Make it so the farmer has to pay the median wage to anyone drafted like this.
I bet they'll shut up real fast.
Hell back in HS we got first shot at detasseling corn and deroguing beans. I lasted a day, some boys lasted a few. By the time they brought in the mexicans a week later, there would be maybe 2 of the scariest foodball players left, and they did make decent money by the end of their little stint.
Your average person is going to get heatstroke from this.
Seen it. Down south, knew a guy who did any kind of odd job. Work hard, play hard, antiracist. Lasted like two days picking strawberries.
Honestly the job could be less hard. The employee assult issues are really bad, and only a couple little nonprofts are trying to address it. Mostly supply chain advocacy, with migratory/poc employees in leadership.

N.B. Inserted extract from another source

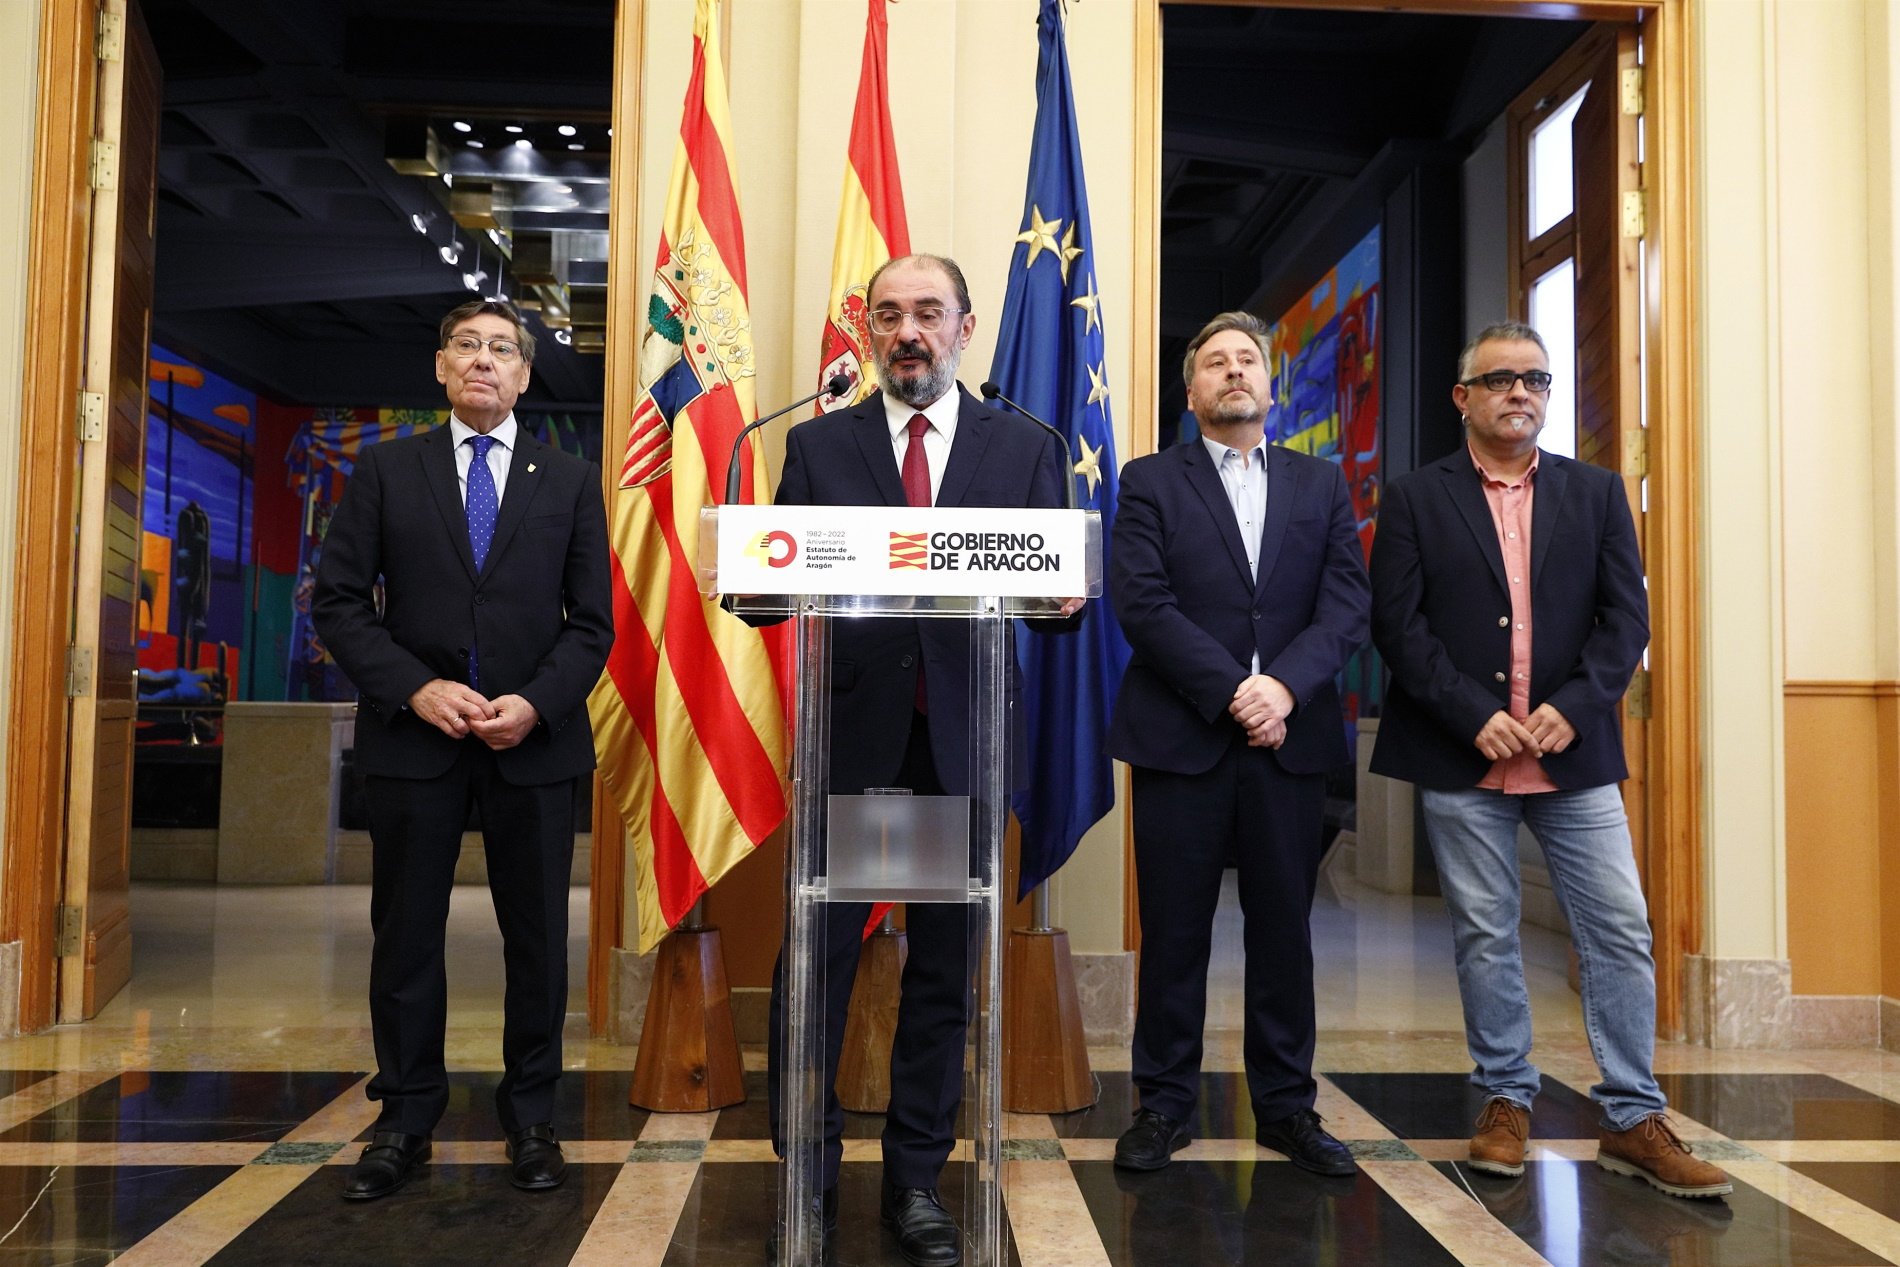 Javier Lambán torna a desbarrar amb la reforma de la sedició: demana "armar més l'Estat"

So... Slavery with more steps?
Slavery, but with overweight incompetent people.
We should use the budget we use to put people through the army to instead have them work on public works projects. Maybe it can just be part of being in the army. Not just farm work but construction work and especially maintenance work.
The government can hire people without making them indentured slaves or trained killers. Well, at least it used to be able to do that
Yeah, but this ensures young rich people have to work an actual job at least once in their lives too.
Young rich people will be driving the heavy farming machinery in air conditioned cabins while the conscripted poor people do the manual backbreaking labor in the scorching sun or freezing wind.
Great. We all say this about the service industry, too. So since farming is your life blood you think its hard and people need to understand.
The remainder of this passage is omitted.